### SUPPLIED DATA
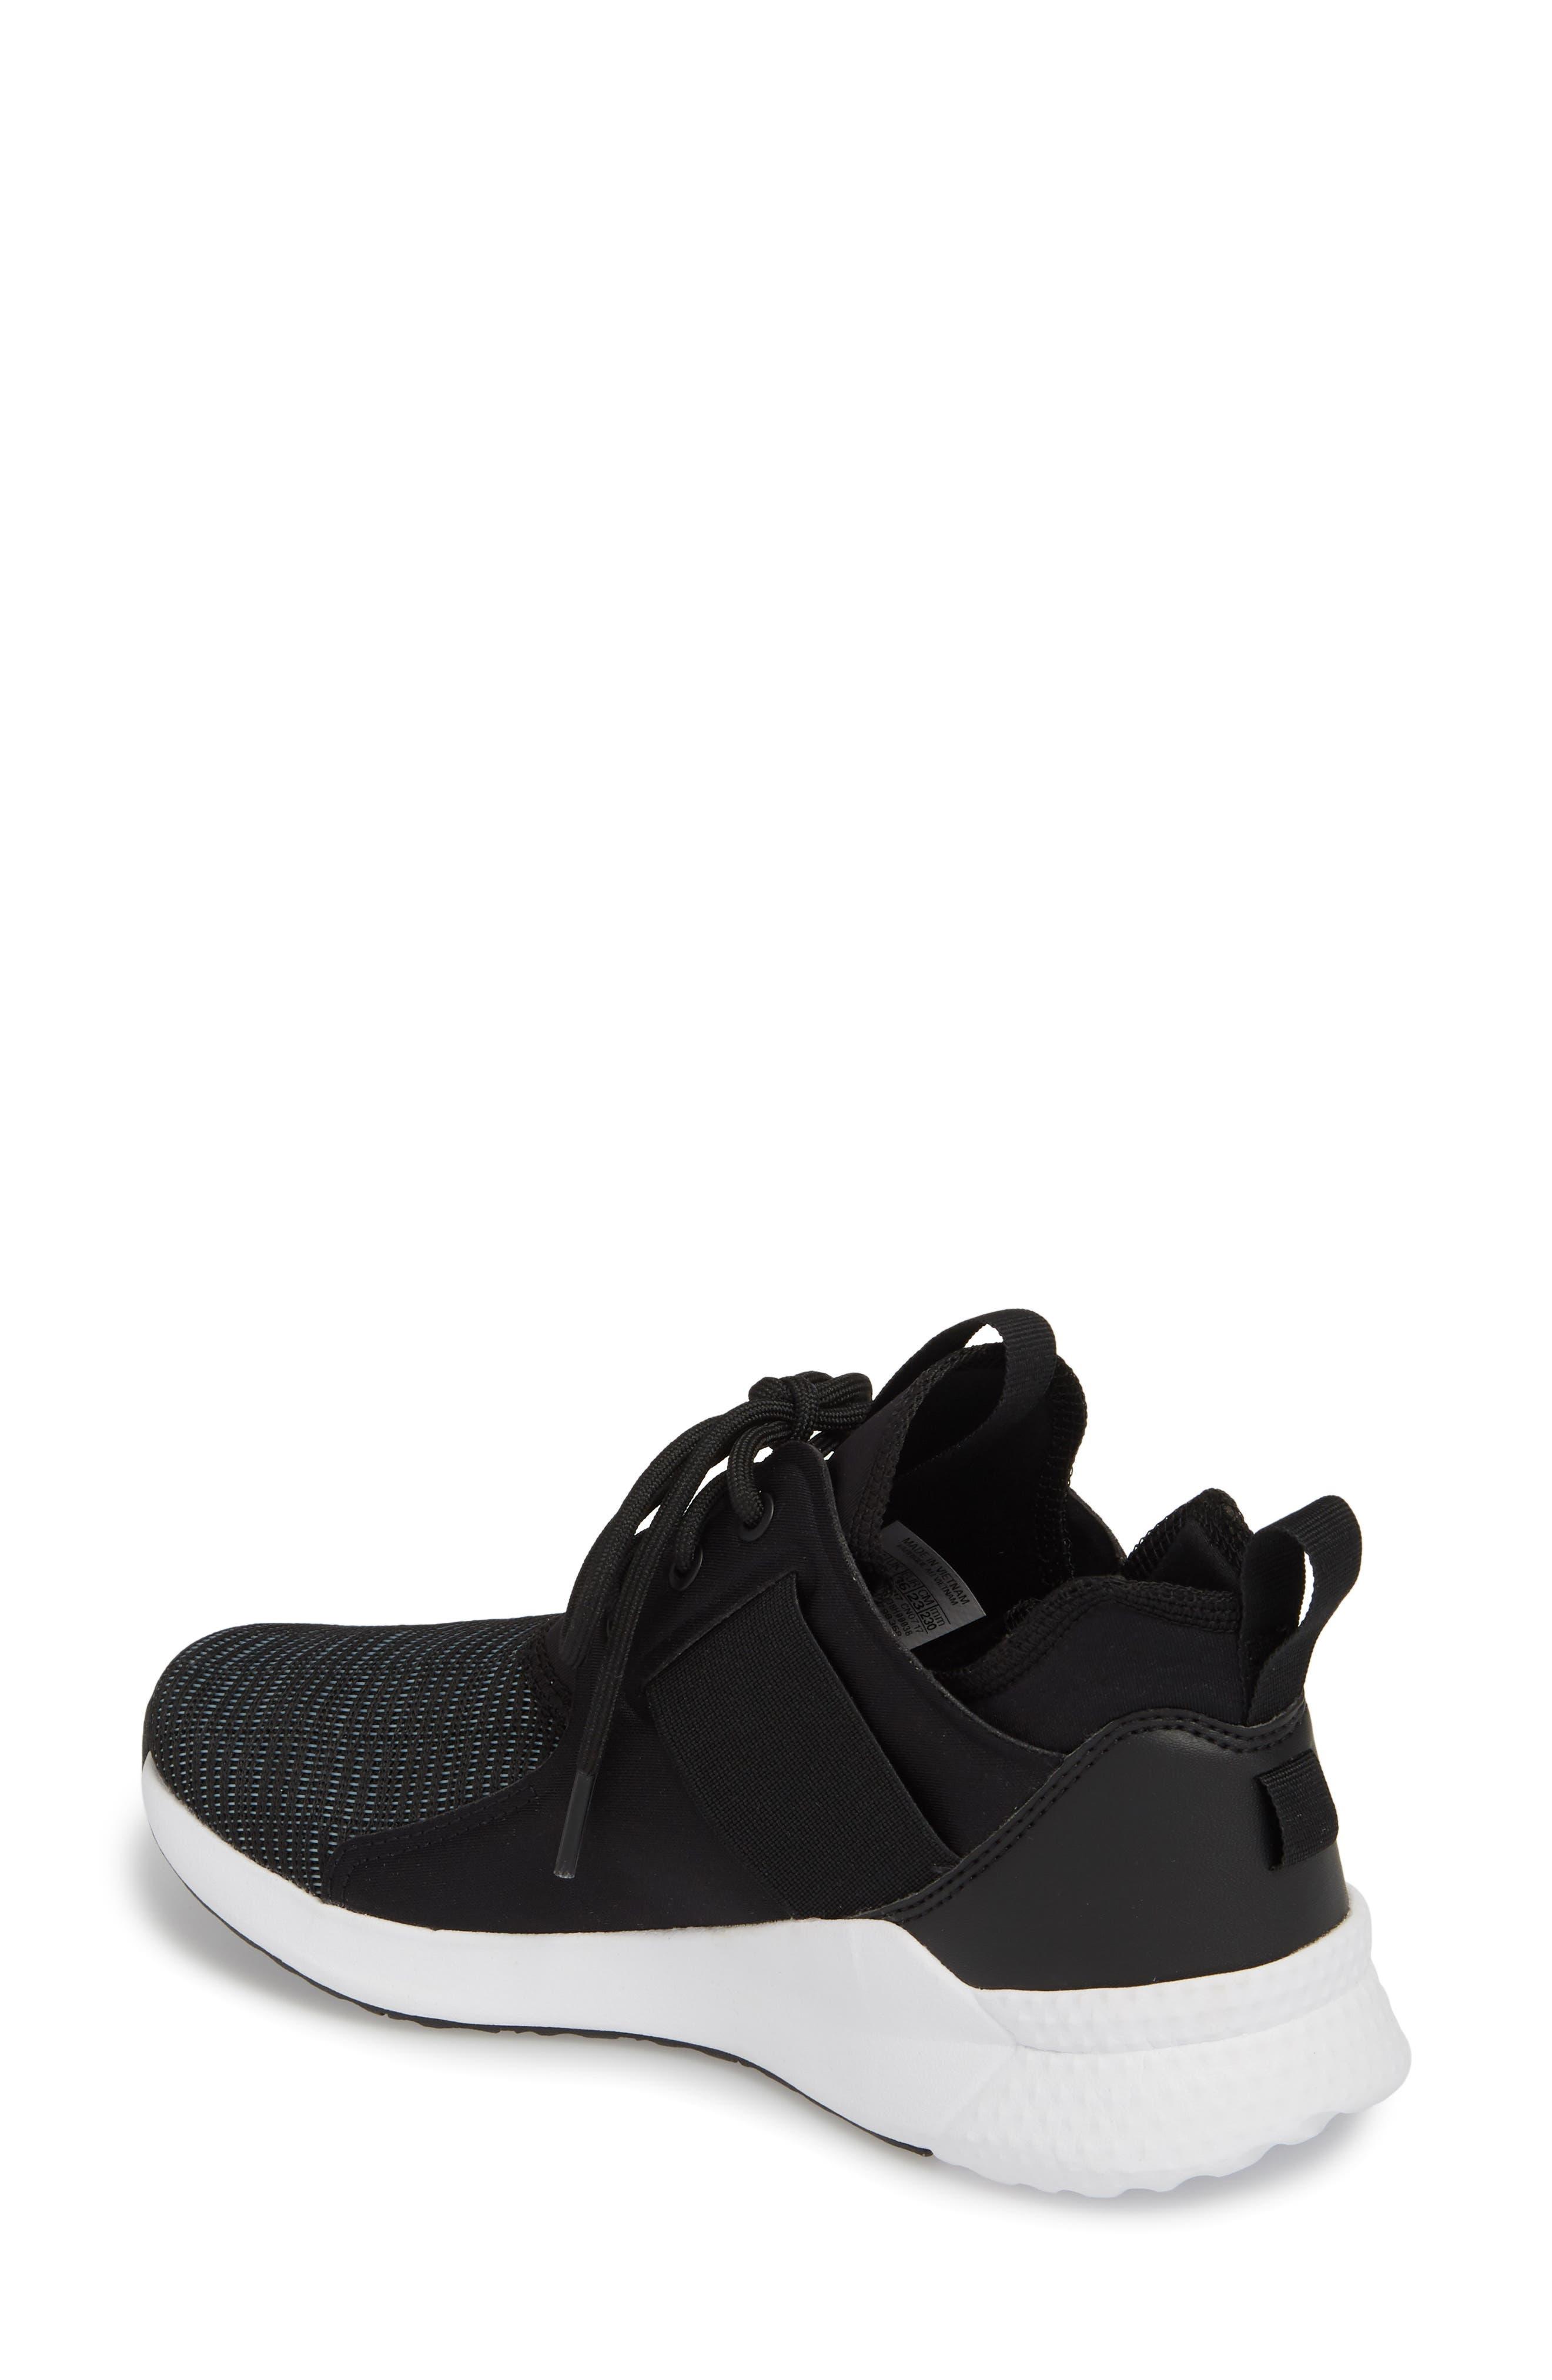 Guresu 1.0 High Top Sneaker,                             Alternate thumbnail 2, color,                             005
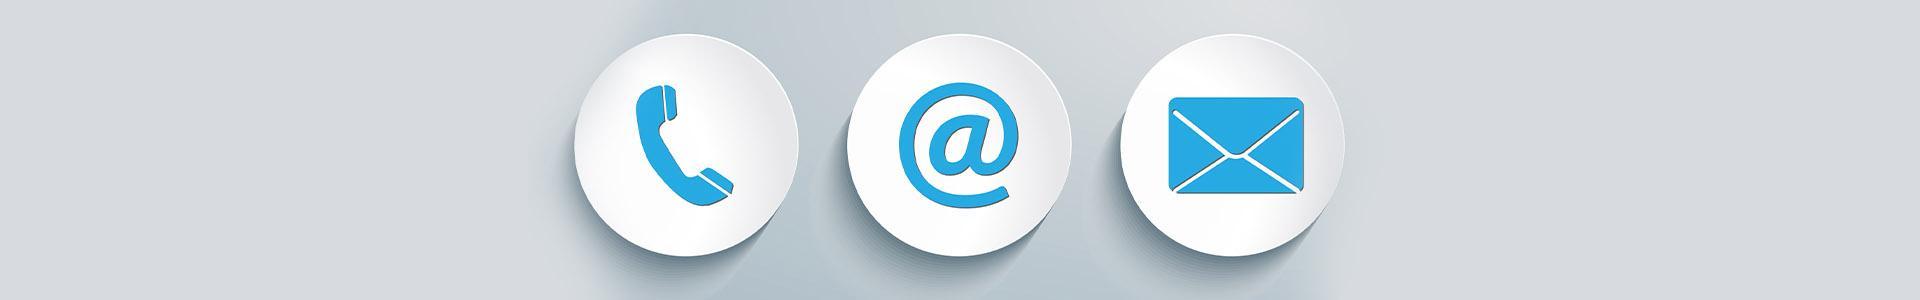 Ikony telefonu, maila i koperty
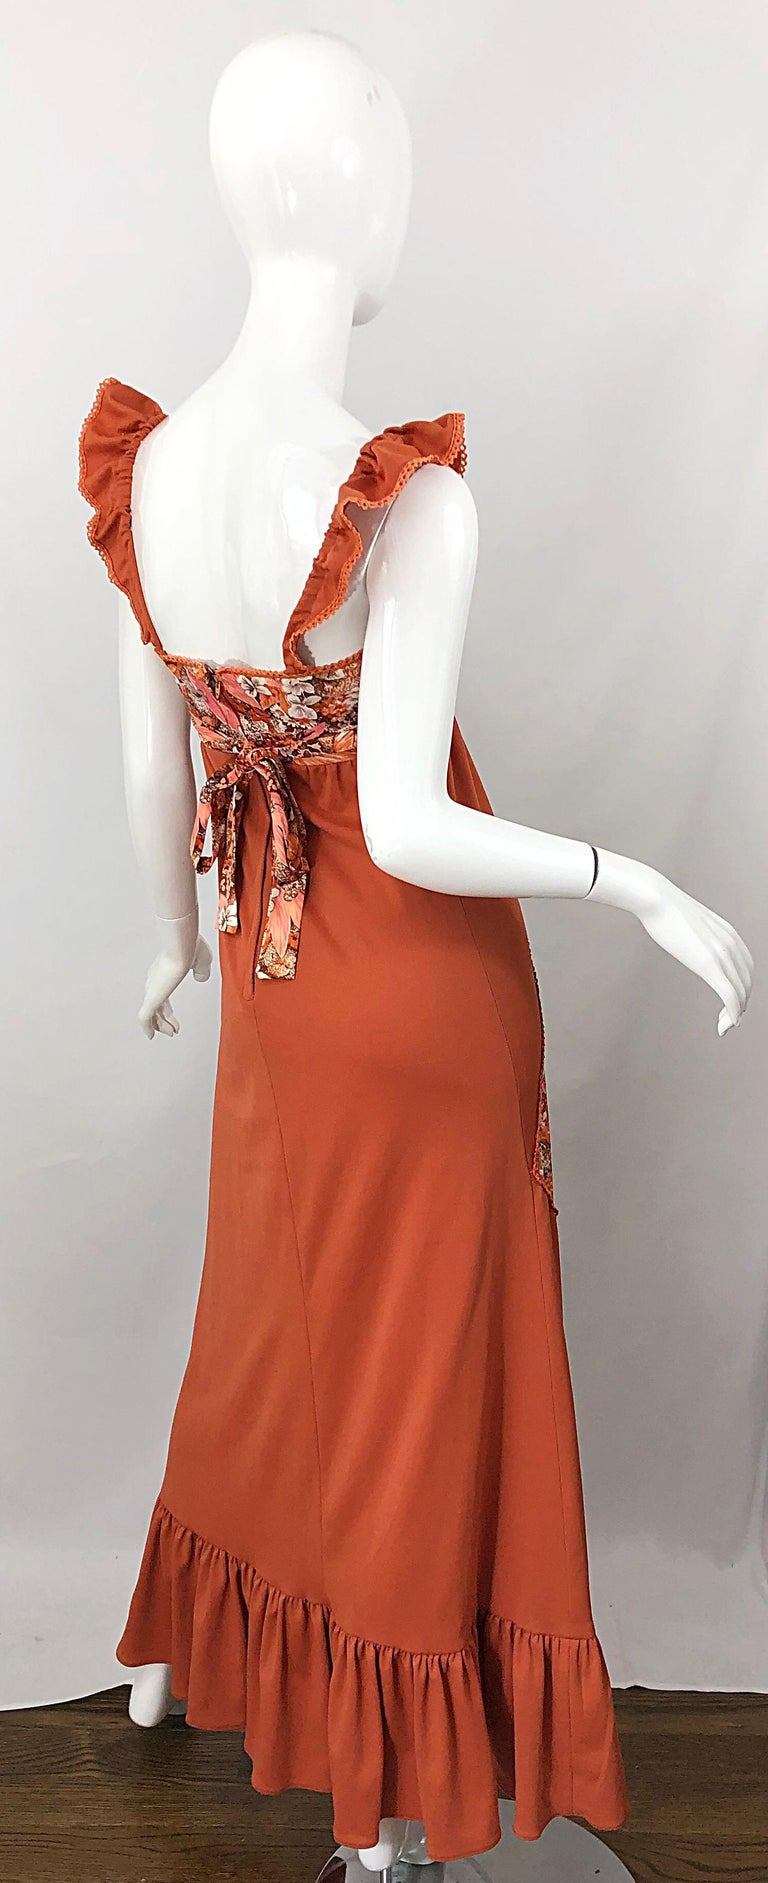 1970s Burnt Orange Patchwork Flowers Boho Vintage 70s Jersey Autumnal Maxi Dress For Sale 8

### REQUIRED WORK
Print out the material word for word, omitting the pictures.

### ANSWER TO THIS EXERCISE
 Guresu 1.0 High Top Sneaker,                             Alternate thumbnail 2, color,                             005
 Ikony telefonu, maila i koperty
 1970s Burnt Orange Patchwork Flowers Boho Vintage 70s Jersey Autumnal Maxi Dress For Sale 8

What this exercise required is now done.